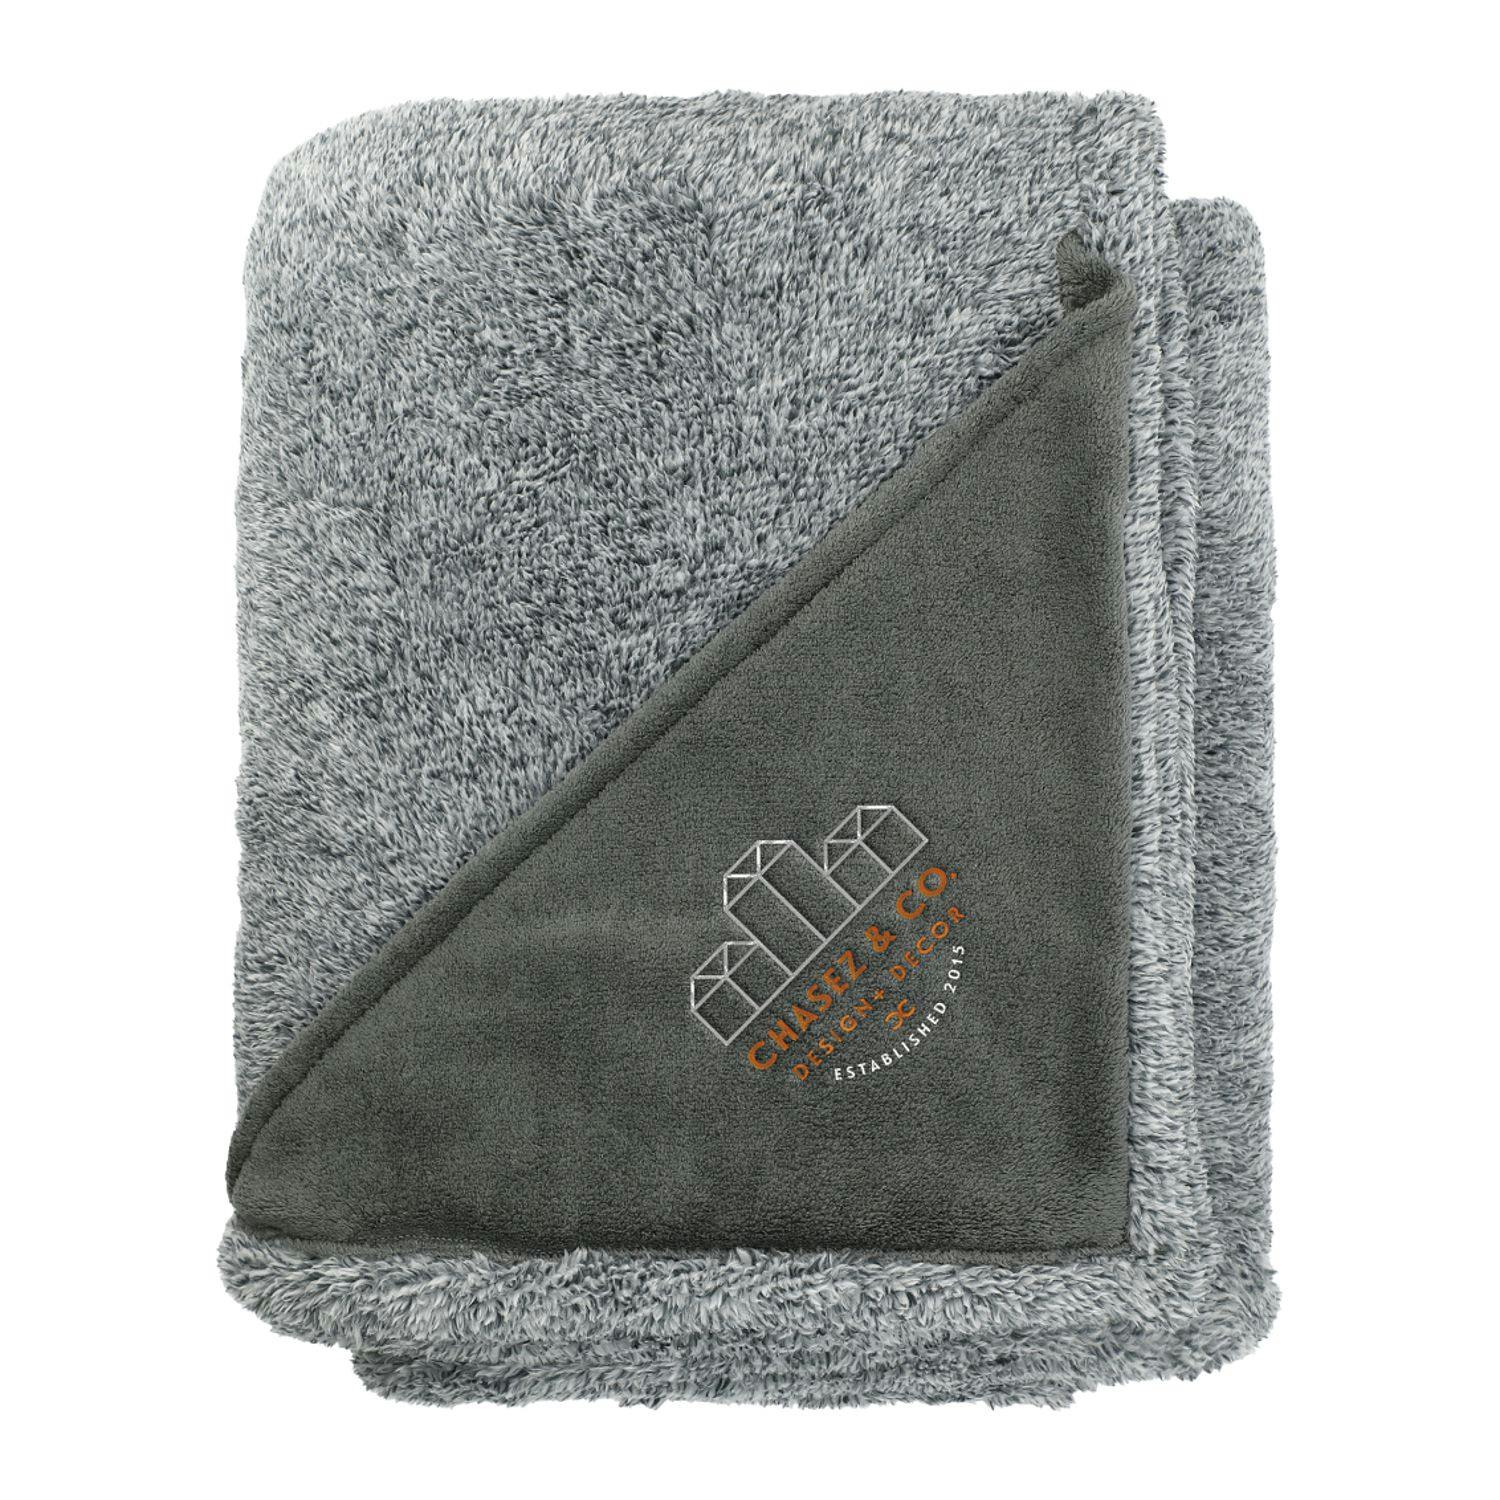 Heathered Fuzzy Fleece Blanket - additional Image 1
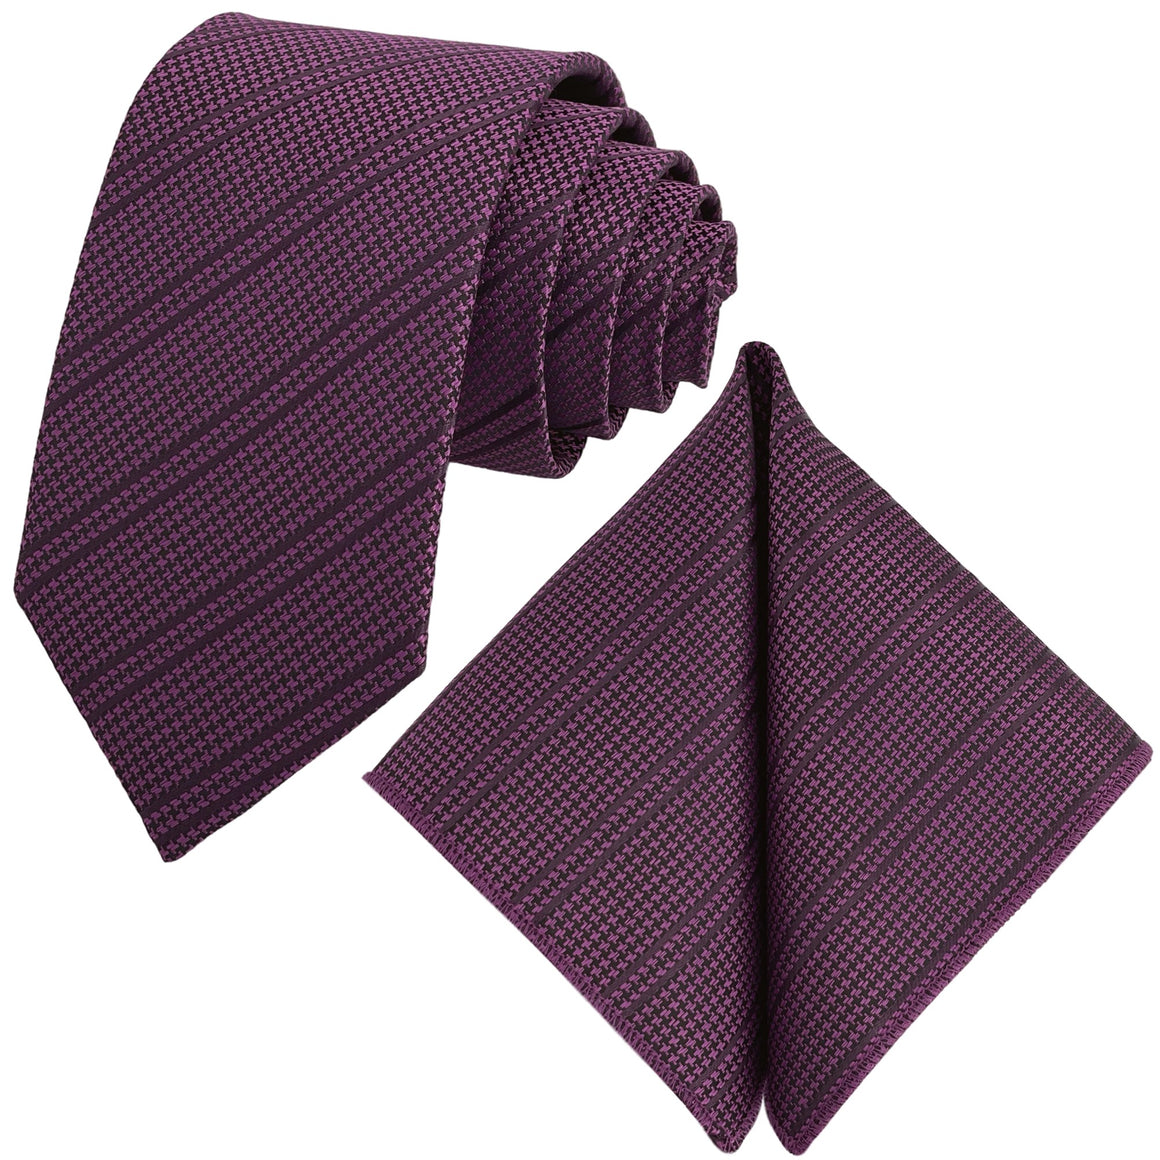 GASSANI 2-SET Krawattenset, Krawatte 8cm Schmal Hahnentritt-Muster Gestreift, Fuchsia Extra Lange Jacquard Herren-Krawatte,  Einstecktuch
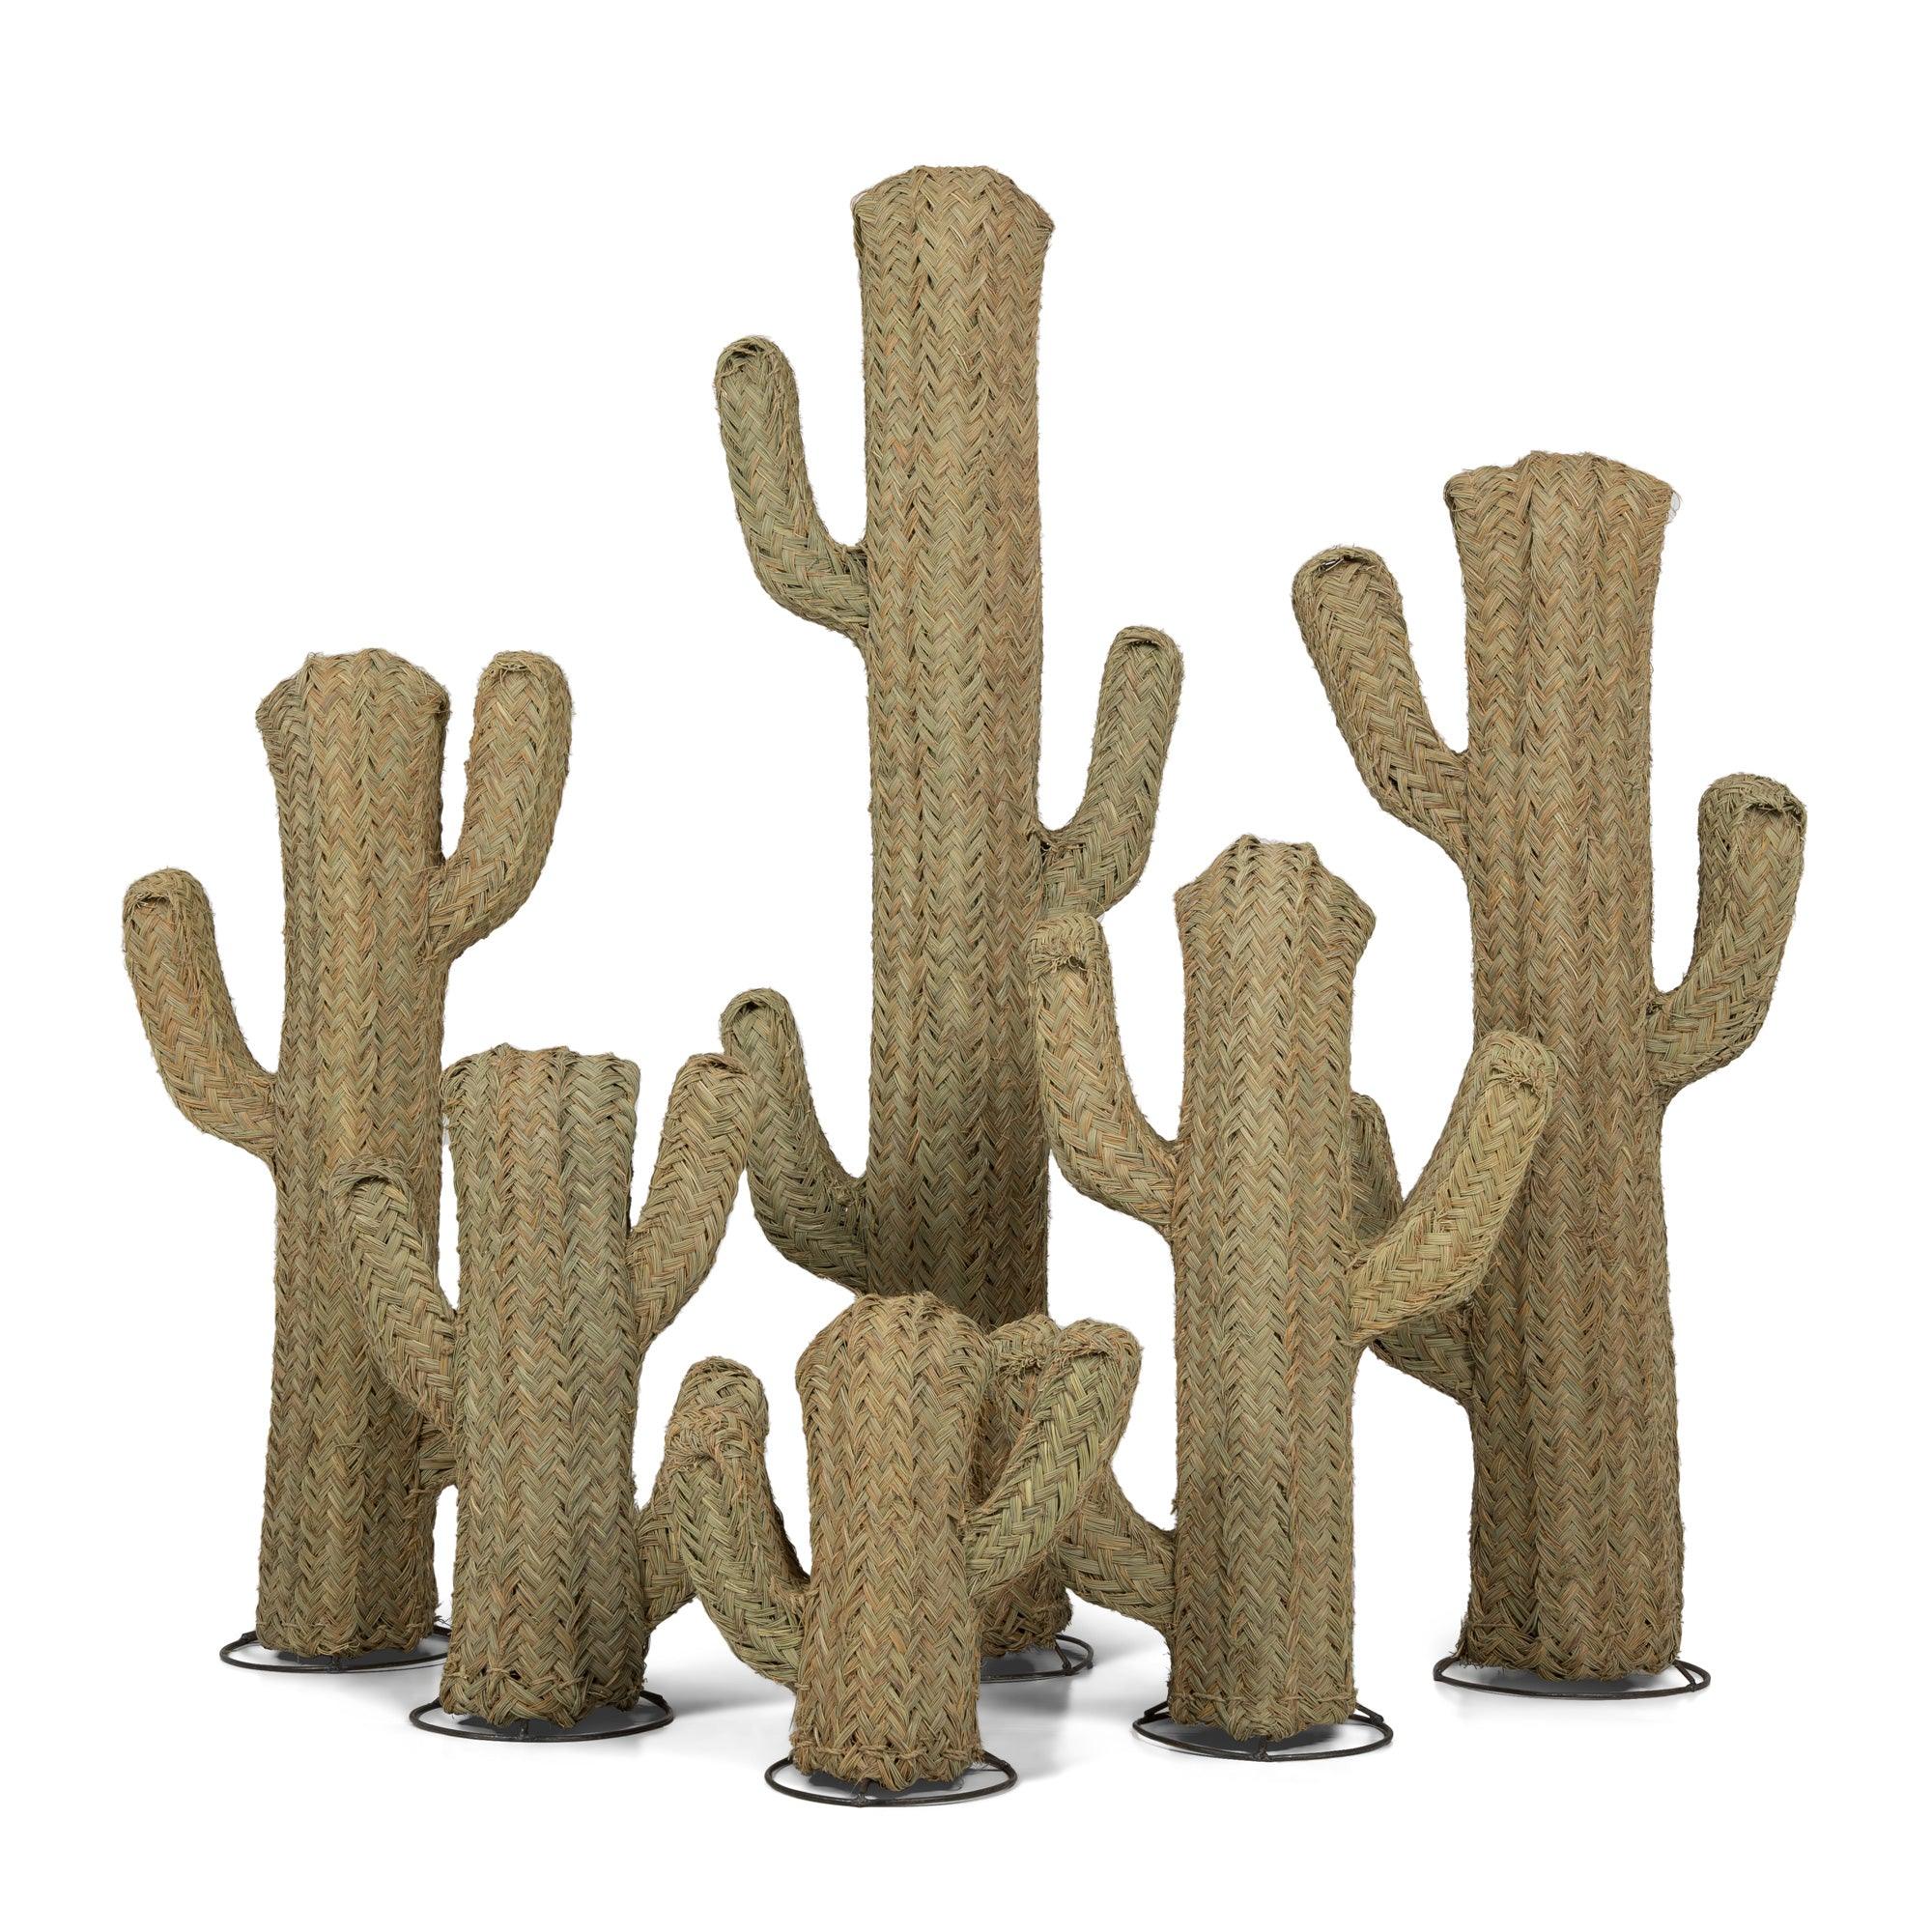 https://decoracionalcazaba.com/cdn/shop/files/cactus-de-esparto-vegetal-en-6-tamanos-decoracion-alcazaba-1_5000x.jpg?v=1688497649

• **TASK TO CARRY OUT**
In the copy, keep every line of the data above exactly and drop each picture.

• **RESULT OF THIS EXERCISE**
 Heathered Fuzzy Fleece Blanket - additional Image 1
 GASSANI 2-SET Krawattenset, Krawatte 8cm Schmal Hahnentritt-Muster Gestreift, Fuchsia Extra Lange Jacquard Herren-Krawatte,  Einstecktuch
 https://decoracionalcazaba.com/cdn/shop/files/cactus-de-esparto-vegetal-en-6-tamanos-decoracion-alcazaba-1_5000x.jpg?v=1688497649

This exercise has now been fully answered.